India shines in otherwise downbeat session



LONDON - Indian shares vaulted over 17 percent on Monday after elections returned the country's ruling coalition with a stronger mandate, boosting an otherwise lacklustre session that saw investors fretting about the strength of the global recovery.

Emerging sovereign spreads 11EMJ widened above 500 basis points as increased supply pressured prices while Russian equities sank on a sell-off triggered by easing oil prices.

The emerging equities benchmark .MSCIEF was up 1.3 percent by 1040 GMT, driven by the massive 17.3 percent surge in Indian shares .BSESN following elections results which cemented the hold of the ruling Congress party.

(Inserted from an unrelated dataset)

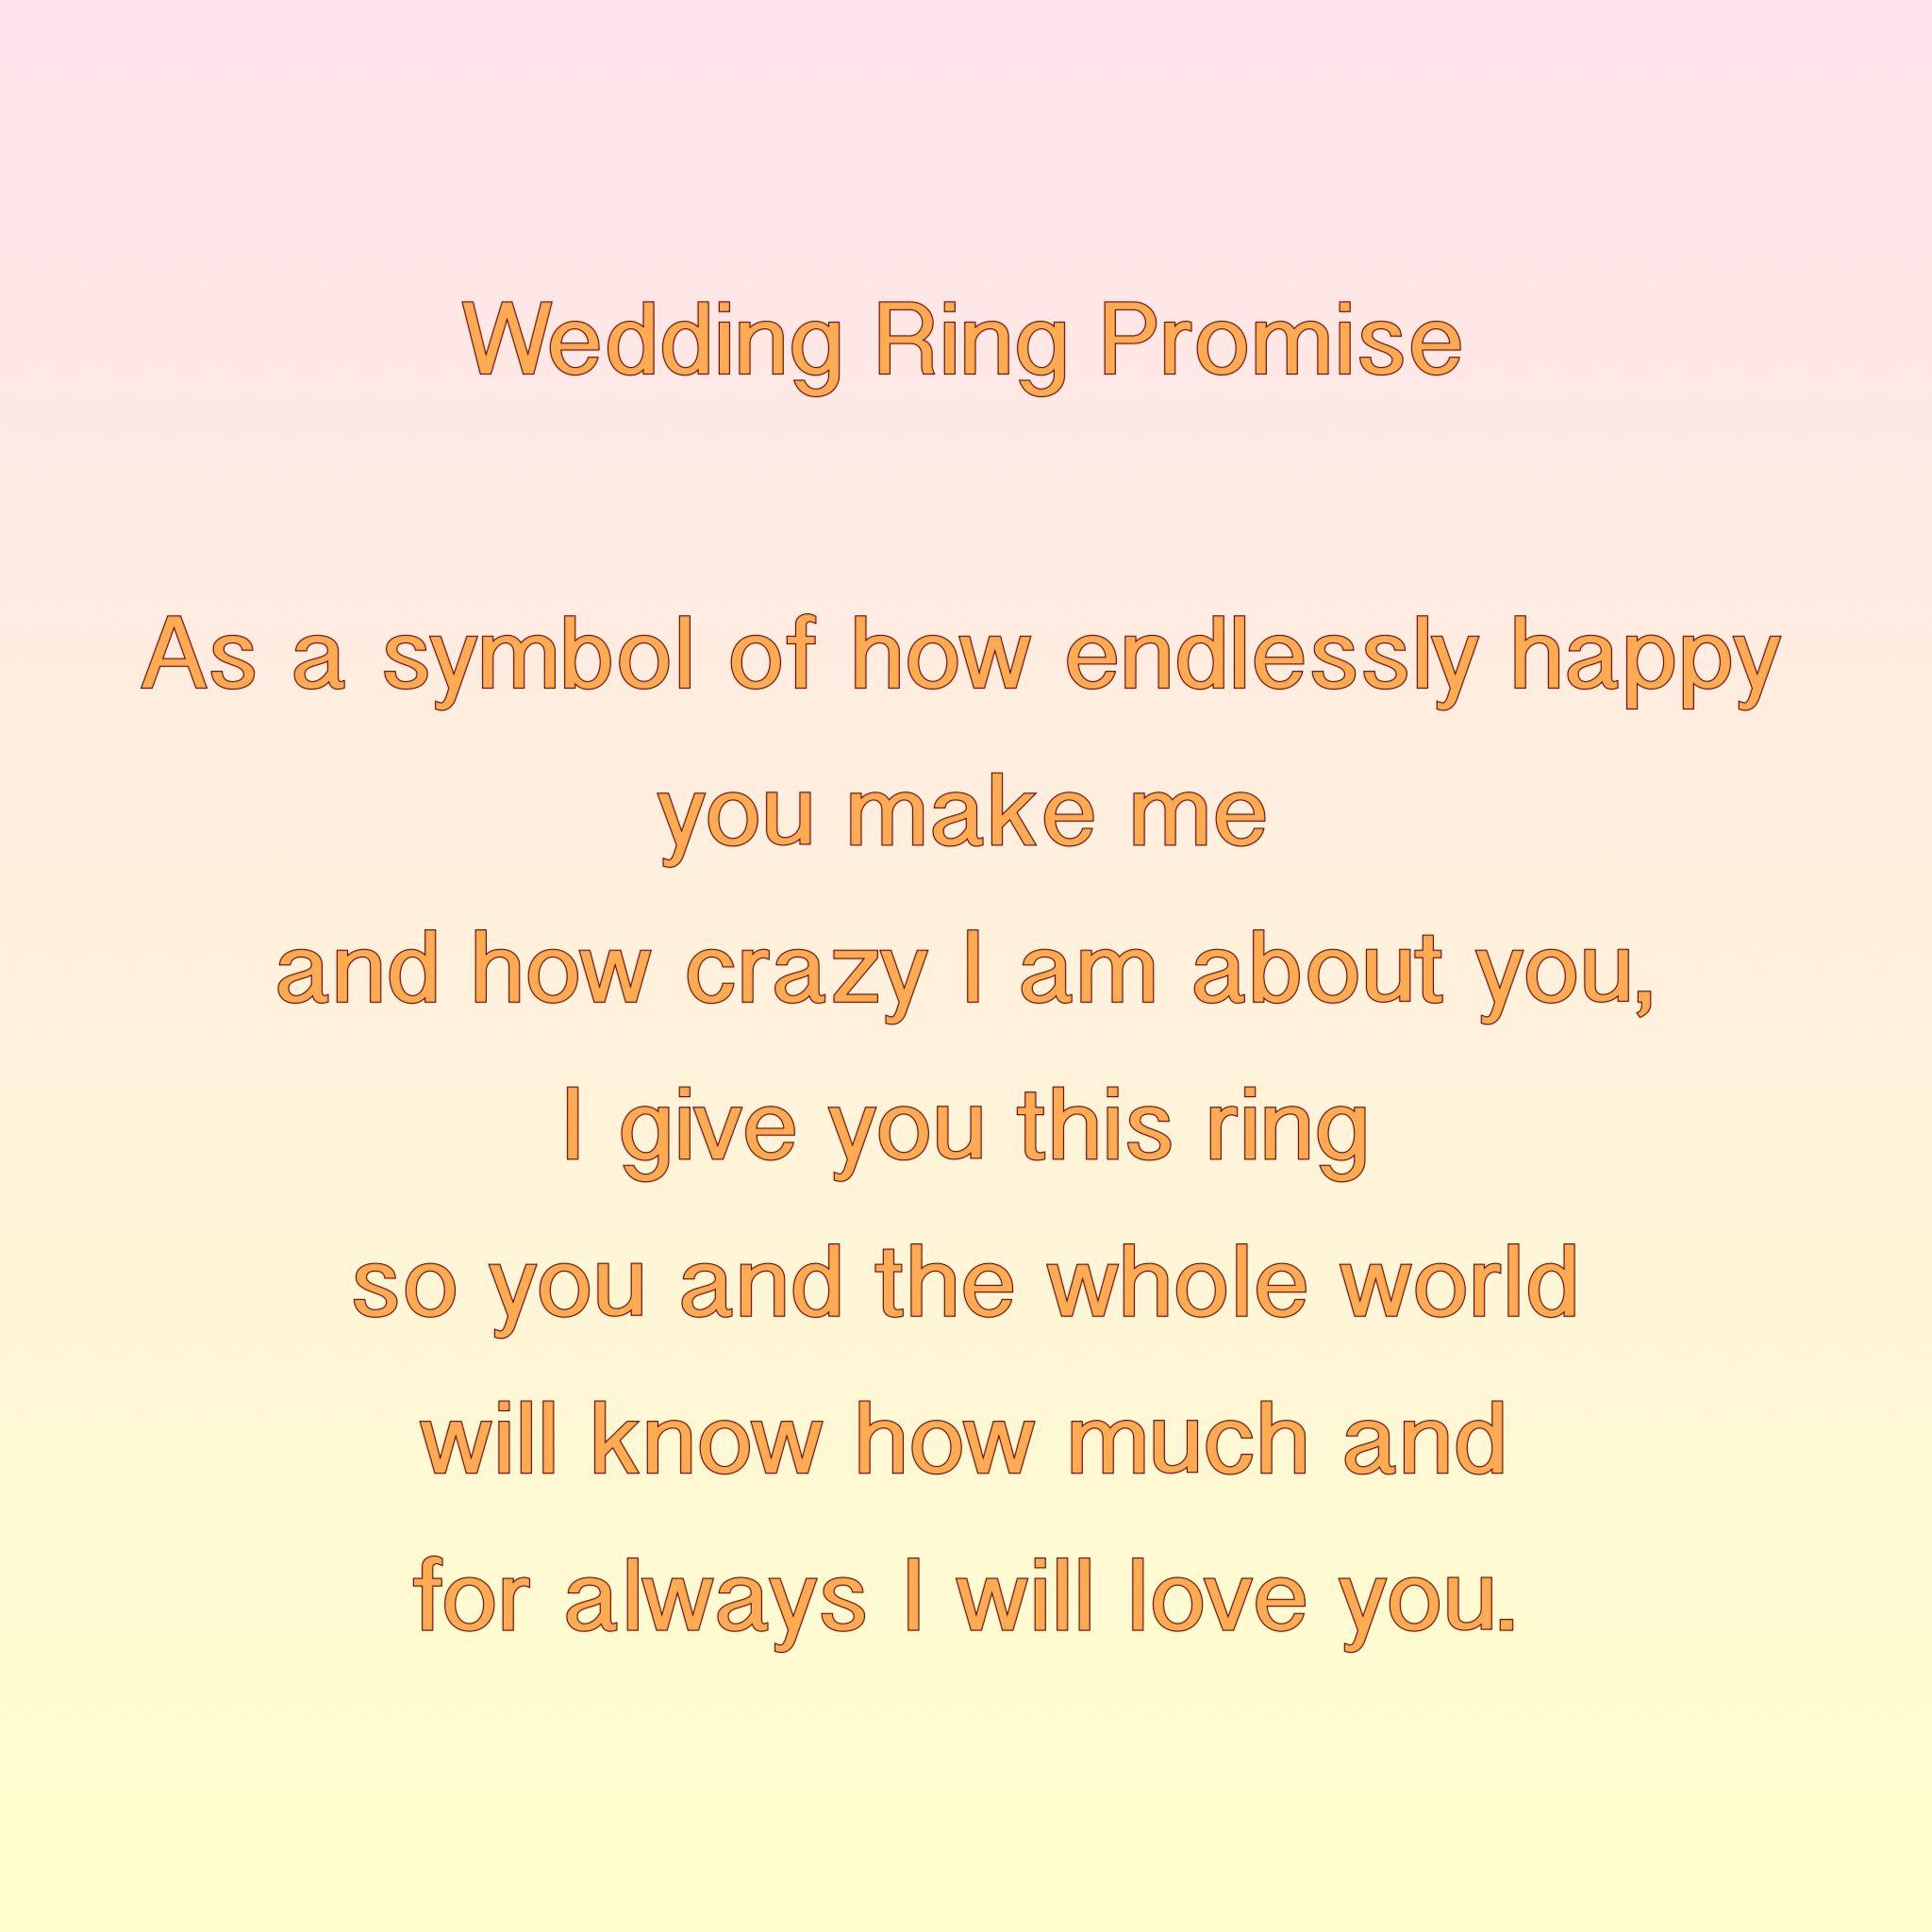 Wedding Ring Exchange Wedding ceremony rings, Ring

A victory for the Congress has raised investor hopes for a strong government able to push through reforms in the banking and insurance sectors as well as move ahead on privatisations.

India's biggest single-day share gain in almost two decades triggered circuit breakers that halted trade twice in a session that ended earlier and pushed the rupee up more than 3 percent to five-month highs versus the dollar.

Elsewhere, the mood was sober with emerging European equities .MIEE00000PUS down over 1 percent.

Hopes of a global economic recovery drove markets higher for nine weeks in a row but last week's first-quarter economic data from eastern and central Europe have tempered expectations.

"We don't have a lot of data (this week so) there also may be a lot of indigestion about," said Nigel Rendell, emerging markets strategist at Royal Bank of Canada.

"The markets are now obviously a little bit more expensive than March."

What little data that was seen early in the day proved fairly downbeat.

Russian industrial output fell by a record 16.9 percent in April, larger than consensus forecasts, helping to fuel a sell-off triggered off by weakening oil prices.

Shares on the country's dollar-denominated RTS Index and the rouble-denominated index , which scaled seven-month highs last week, were down some 2 percent.

The rouble held firm against its euro-dollar basket after recent gains that saw the unit rise to fresh four-month highs against the greenback despite recent interest rate cuts.

"We retain our generally negative rouble outlook as we believe current optimism is overdone and that politically further strength is not welcome. Note that import substitution has become a key part of the government's approach to the crisis and a stronger currency (which makes imports cheaper) is detrimental to this policy," Beat Siegenthaler, TD Securities chief emerging markets strategist, said in a client note.

Meanwhile, emerging sovereign debt prices remain under pressure from the recent slew of new issues, sinking after recovering to early October levels.

Last week, Slovakia secured 2 billion euros with a bond issue that was twice the size originally envisaged.

JPMorgan's Emerging Markets Bond Index 11EMJ was 3 basis points higher to trade at 503 bps above U.S. Treasuries.